Exercise directions: In the records that follow, find the line with "The Diagnostic Significance"; from there, retype every line exactly through the line with "Scalamandre Zebras Dog", which also belongs to the answer.

Dataset excerpts:
┏━━

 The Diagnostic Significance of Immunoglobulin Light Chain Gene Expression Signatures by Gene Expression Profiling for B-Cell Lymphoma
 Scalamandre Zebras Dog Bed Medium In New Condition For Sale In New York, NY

┗━━
┏━━

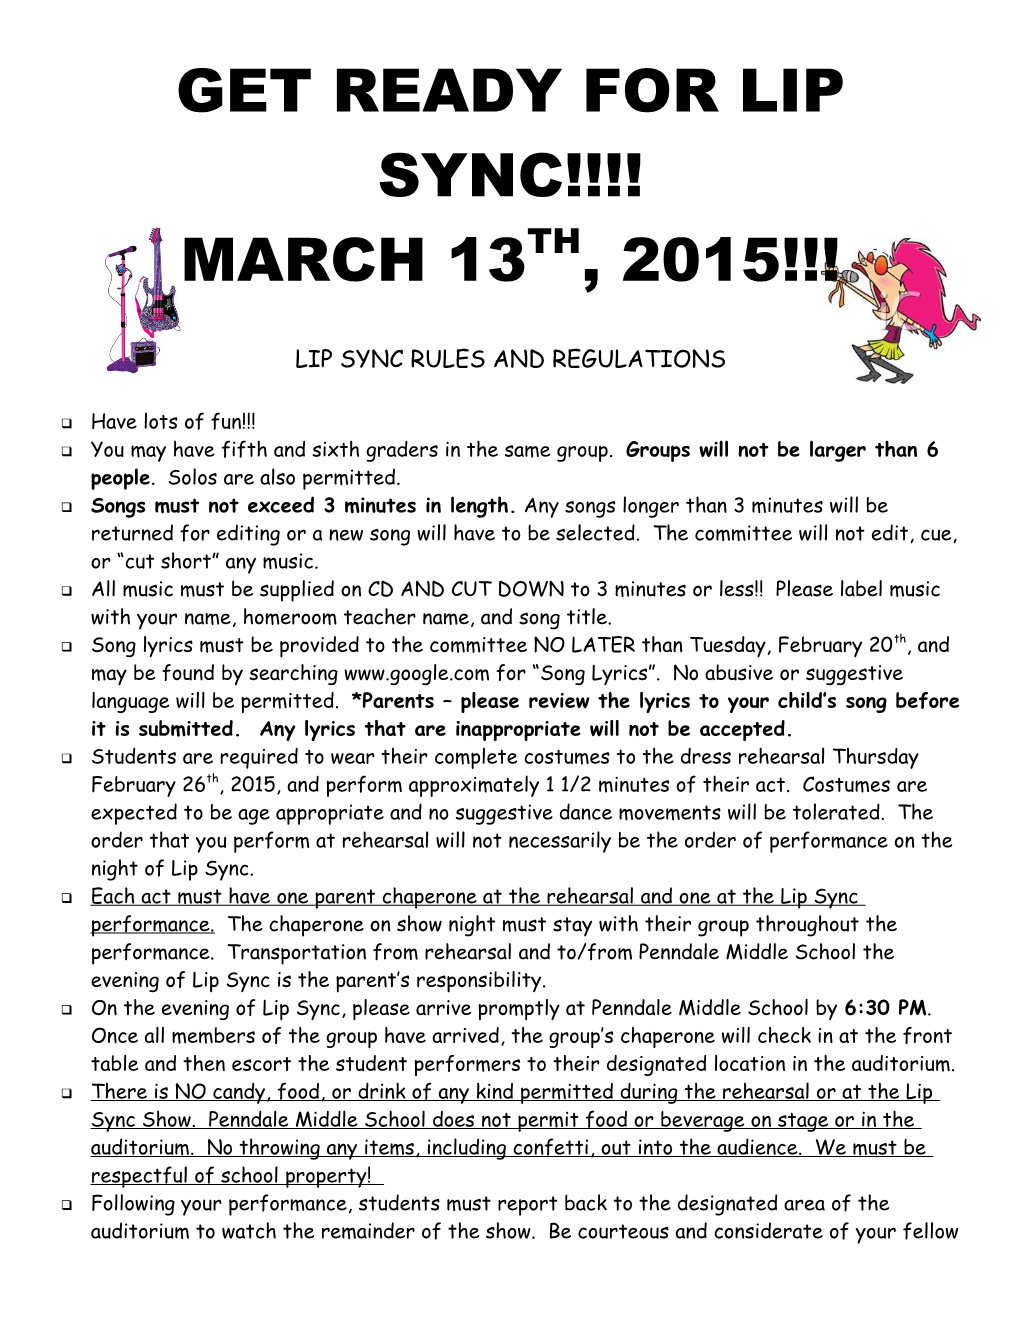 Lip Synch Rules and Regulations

┗━━

Response area:
 The Diagnostic Significance of Immunoglobulin Light Chain Gene Expression Signatures by Gene Expression Profiling for B-Cell Lymphoma
 Scalamandre Zebras Dog Bed Medium In New Condition For Sale In New York, NY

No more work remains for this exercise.